- Capital: Dosso
- Common languages: Zarma
- Religion: Islam (official)
- Government: Monarchy
- Historical era: Late Modern Period
- • Established: c. 1750
- • Disestablished: c. 1890
|  | Succeeded by |
|  | French Niger / |

= Dosso Kingdom =

The Dosso Kingdom is a precolonial state in what is now southwest Niger which has survived in a ceremonial role to the modern day.

==Early history==
The Djerma people of Niger are believed to have migrated from what is now the Fula region around Lac Debo, Mali during the Songhai Empire, and settled first in Zarmaganda in the 16th century. In the 18th century, many Djerma resettled south to the Niger River valley, the Fakara plateau and Zigui in what is now Southwest Niger near Niamey. Forming a number of small communities, each led by a Djermakoy, these polities soon found themselves pressured from the north by the Tuareg and the Fula from the southeast, as well as other ethnic groups in the area. While Djermakoy Aboubacar founded the Dosso state from his own Taguru clan around 1750, it remained a small collection of villages in the Dallol Bosso valley until the 1820s, when it led much of the resistance to the Sokoto Caliphate. While Dosso fell under the control of the Amir of Gando (a sub division of Sokoto) between 1849 and 1856, they retained their Djermakoy and the nominal rule of a much larger Djerma territory, and were converted to Islam. Under Djermakoy Kossom (r. 1856-65), Dosso united all of the eastern Djerma, and left a small state stretching from Tibbo and Beri in the north, to Gafiadey in the south, and to Bankadey and Tombokware in the east.

==French colonialism==
French colonial forces first entered the area in the 1890s and found Dosso allied with local Fula communities and small states like Kebbi against other Djerma states, the Dendi, the Gourounsi (in modern Burkina Faso) the Hausa states to the east (in what is now southern Niger), and still struggling to retake the territory it held in 1865.

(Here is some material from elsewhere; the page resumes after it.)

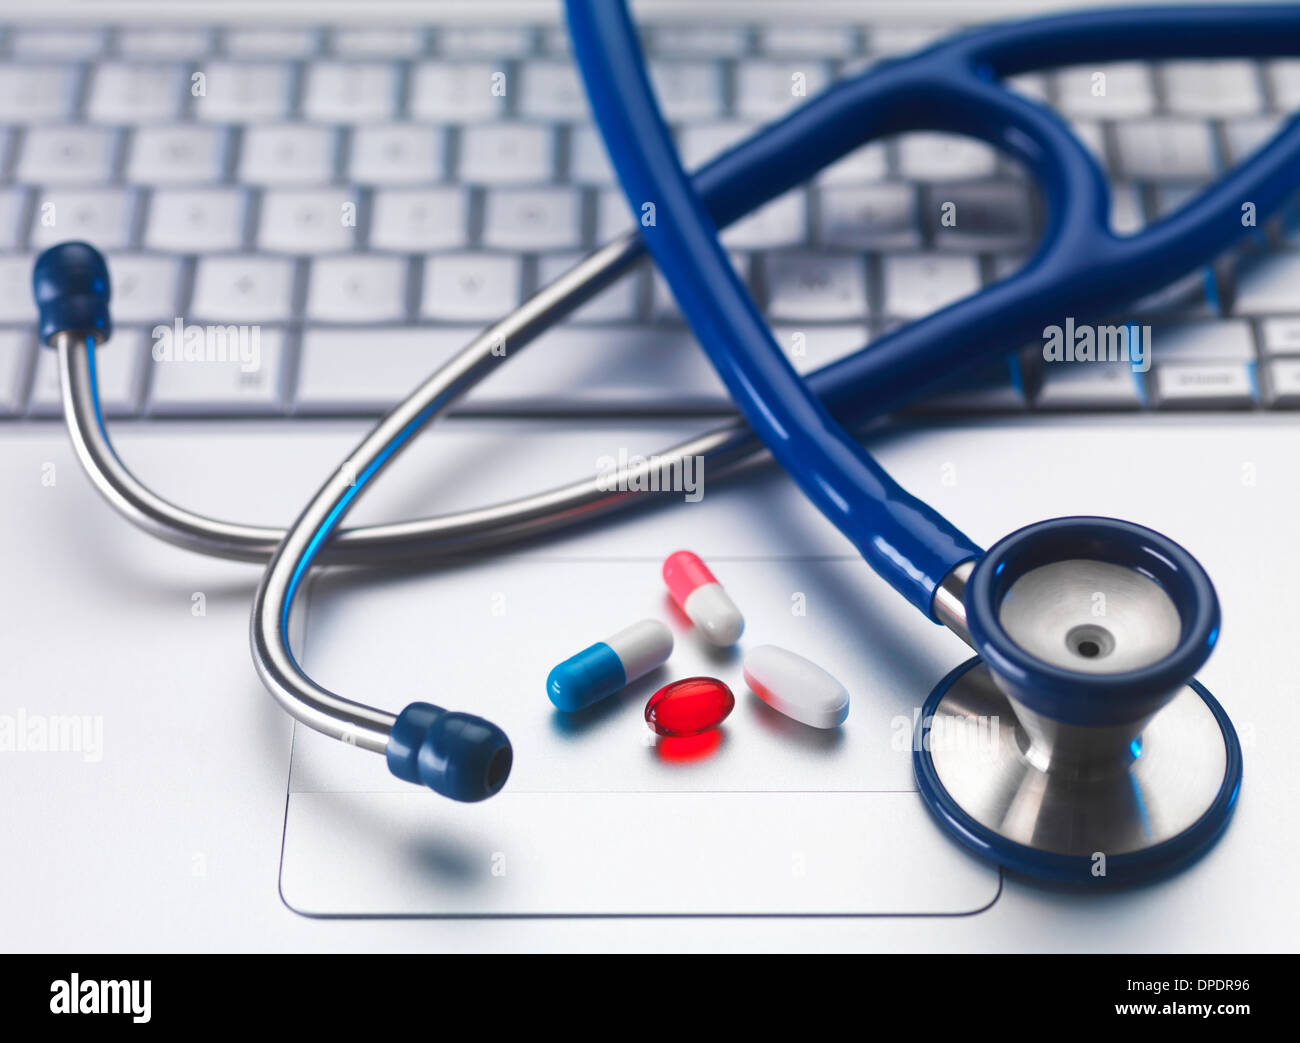 Stethoscope and medicine on laptop computer, still life Stock Photo

Zarmakoy Attikou (r.1897-1902) took the military help offered by the French forces based in Karimama (now Benin), but found that after the military conquest of his enemies in 1898, the French forces were stationed in Dosso, where they would stay for the next 60 years. Attikou had delegated the negotiations to his prince Awta, and this future Zarmakoy hitched his star to French power. Despite tensions, the French found one of their few allies in the region, and this alliance of necessity came to benefit Dosso as much as it hurt them. With French aid, Zarmakoy Awta (r.1902-13) retained all of what is the modern Dosso Department, and with his help, the French put down revolts led by a charismatic Marabout in the Dosso region in 1906. The Zarmakoy of Dosso was integrated into the French Colonial system through a type of Indirect Rule rare in its scale and continuity in French West Africa. In most places the French established rulers at village level (the Chef du Canton) who were promoted by the French over traditional rulers, and thus were entirely dependent upon the French. At Dosso, the French allowed the Zarmakoy to not only retain but expand his territory and to choose his own successors, keeping continuity with the pre-colonial state, and standing above his own Chefs du Canton at the local level. The French so depended upon the Zarmakoy of Dosso, that in 1923 they moved the capital of the then Military Territory of Niger from Zinder, the home of the powerful pre-colonial Sultanate of Damagaram to a village in Dosso territory which was to become Niamey.

==Independence==
As independence approached in the 1950s, Niger was one of the few areas of French West Africa without a growing political class. The Zarmakoy of Dosso, as patron of the Djerma region, became a powerful political king maker for the coming order. Political parties vied for the support of the Zarmakoy and the powerful Hausa leaders in the east and the then Zarmakoy, Issoufou Seydou, played a leading role in Nigerien politics at the time of independence. Zarmakoy Seydou was a founder of the PPN, and later the UNIS parties, and was Vice-President and Minister of Justice from December 1958-October 1959. Today the Dosso aristocracy continue to hold influential positions throughout Nigerien government, with a majority of post independence leaders having been drawn from the Djerma.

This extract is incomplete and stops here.